### Exercise directions
Could you copy exactly the lines below, beginning at the line with "15Pcs 1.5mm x" and stopping after the line with "Wedding-393", with no pictures?

### Task inputs
*** Block opens ***

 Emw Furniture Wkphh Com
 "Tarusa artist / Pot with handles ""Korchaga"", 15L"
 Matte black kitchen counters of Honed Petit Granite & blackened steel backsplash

*** Block closes ***
*** Block opens ***

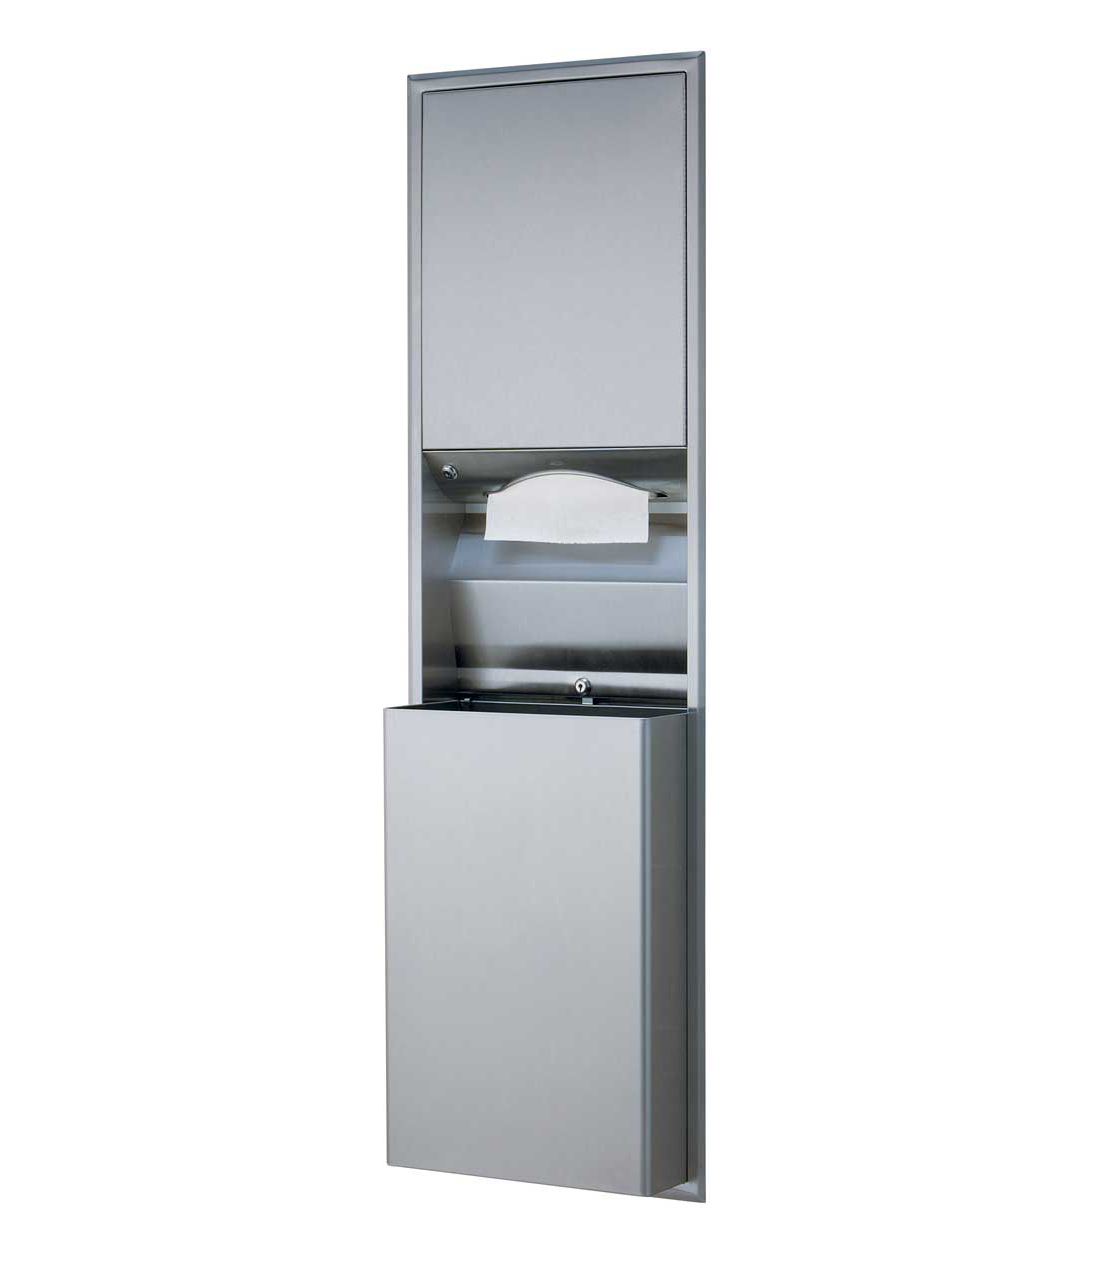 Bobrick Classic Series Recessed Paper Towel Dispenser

*** Block closes ***
*** Block opens ***

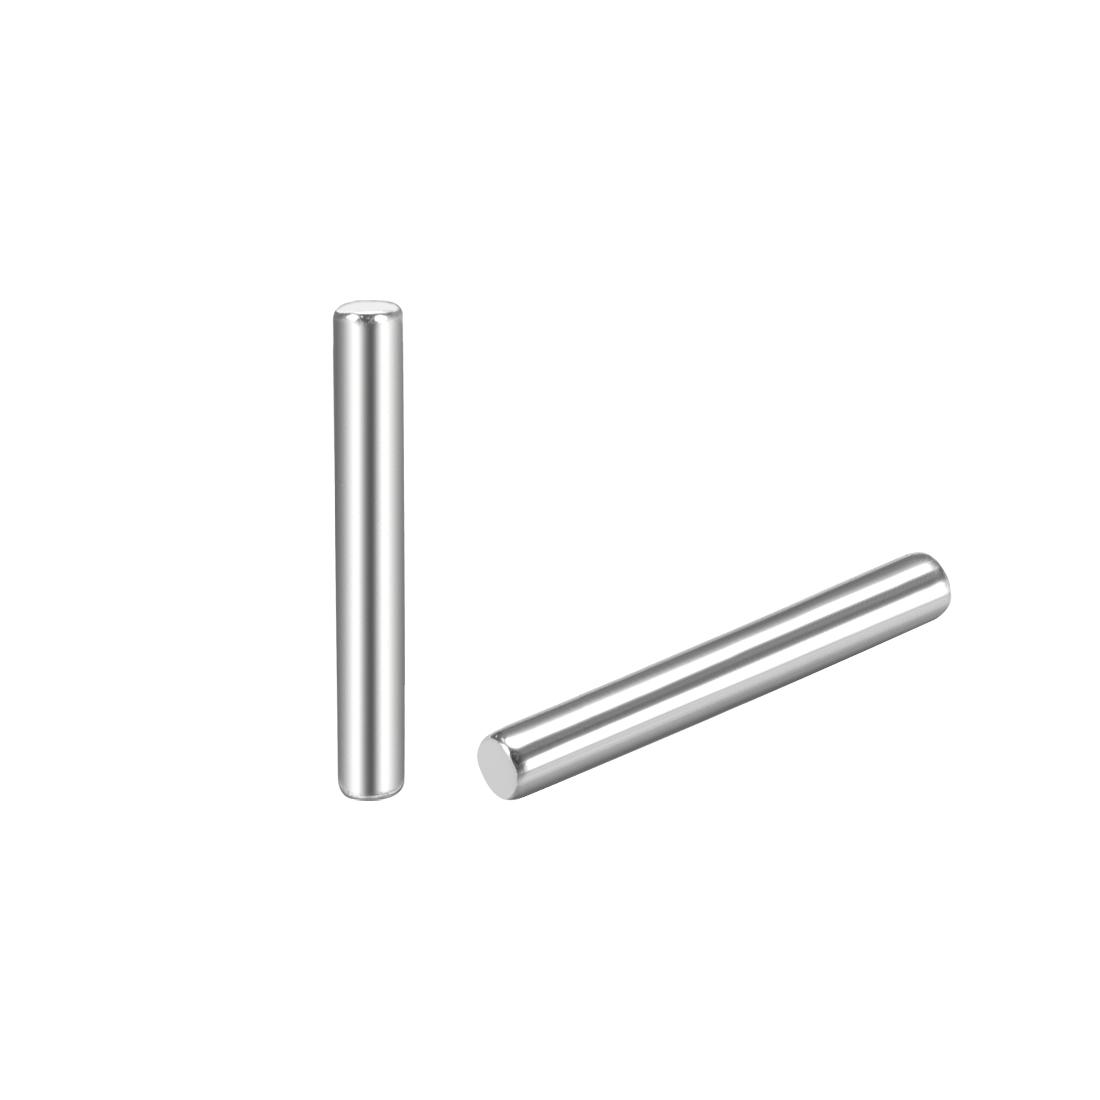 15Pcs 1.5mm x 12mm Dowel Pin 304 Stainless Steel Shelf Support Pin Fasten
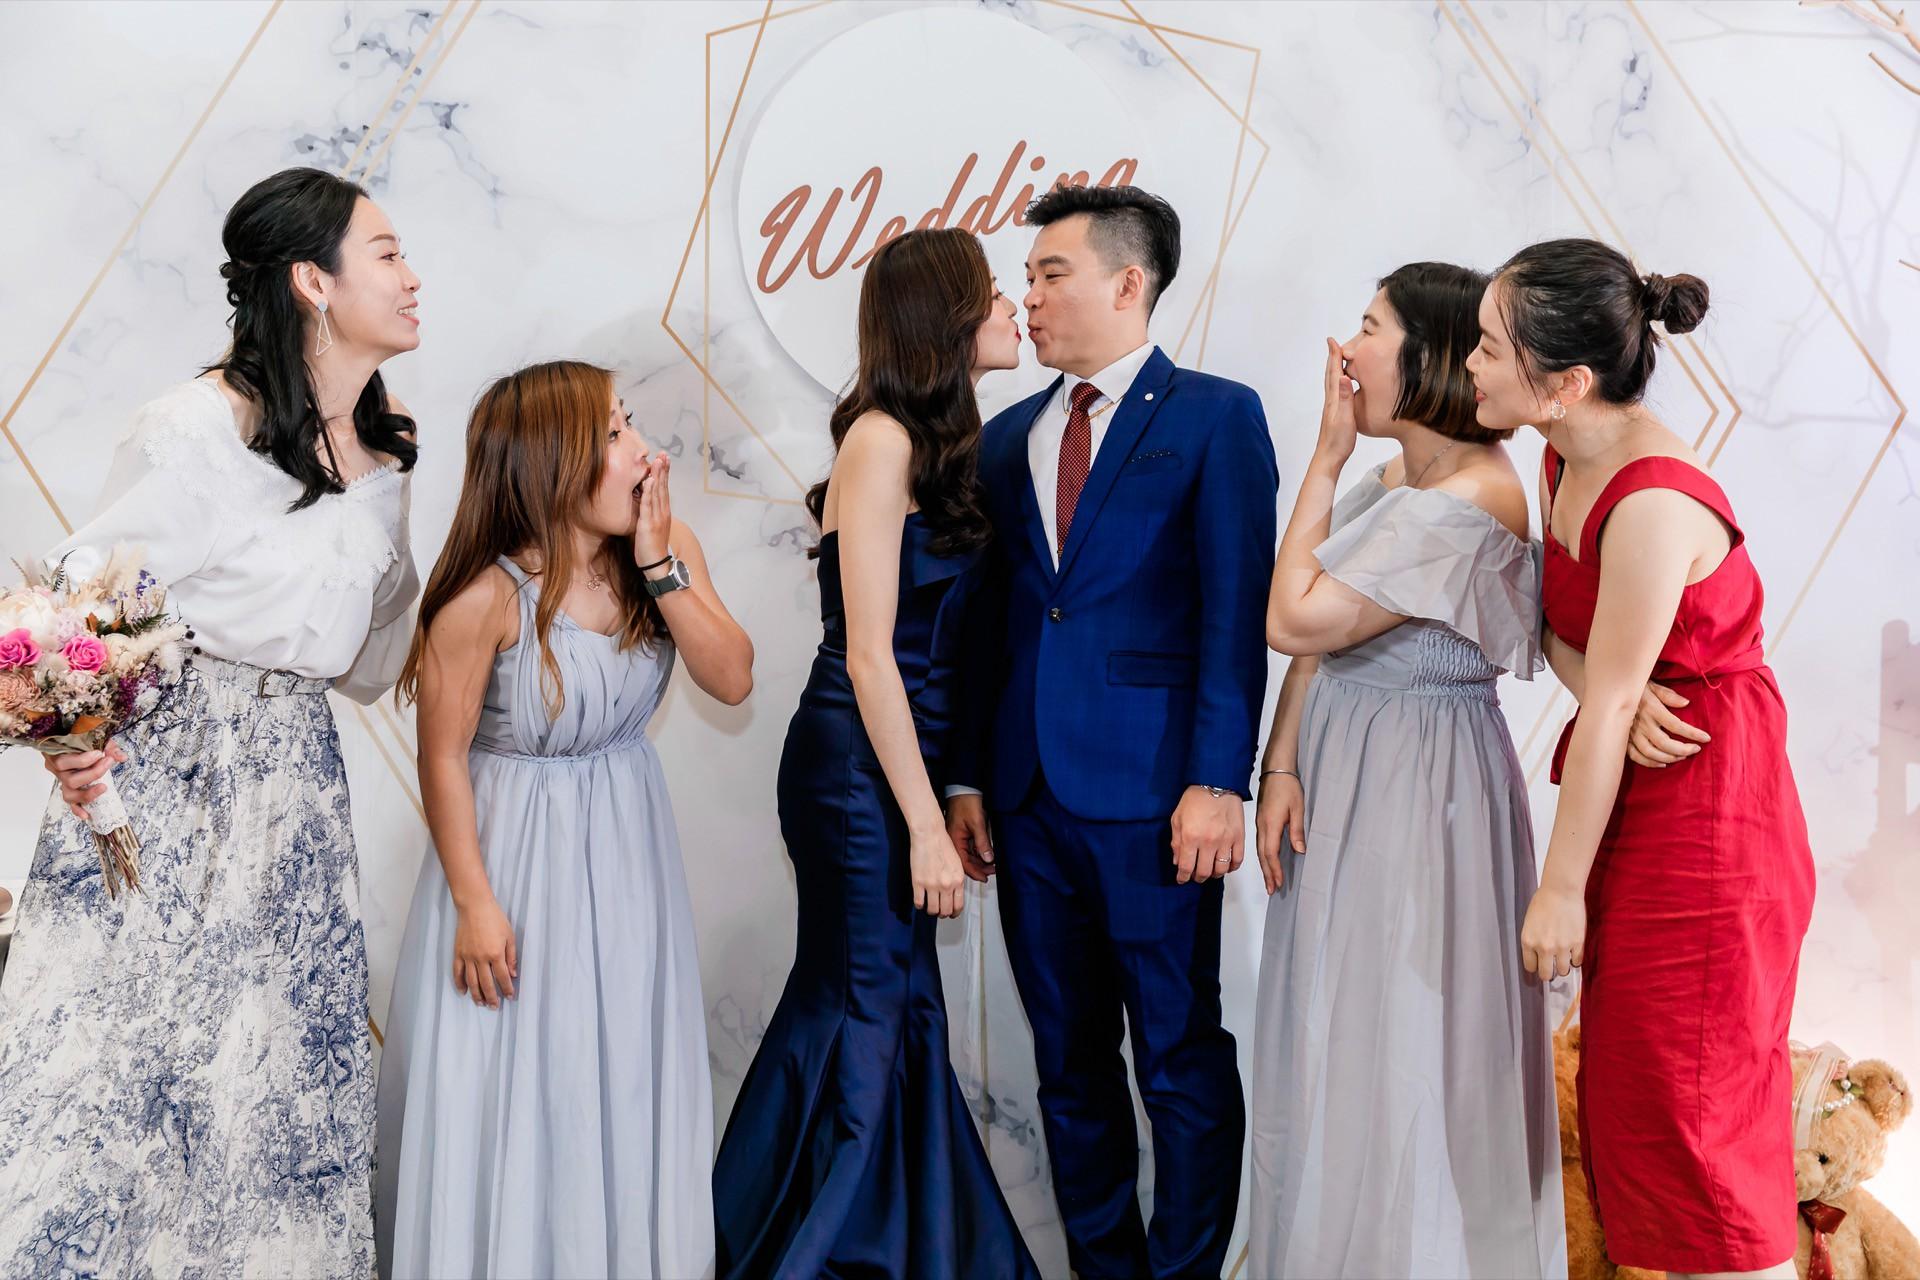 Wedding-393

*** Block closes ***

### Task response
 15Pcs 1.5mm x 12mm Dowel Pin 304 Stainless Steel Shelf Support Pin Fasten
 Wedding-393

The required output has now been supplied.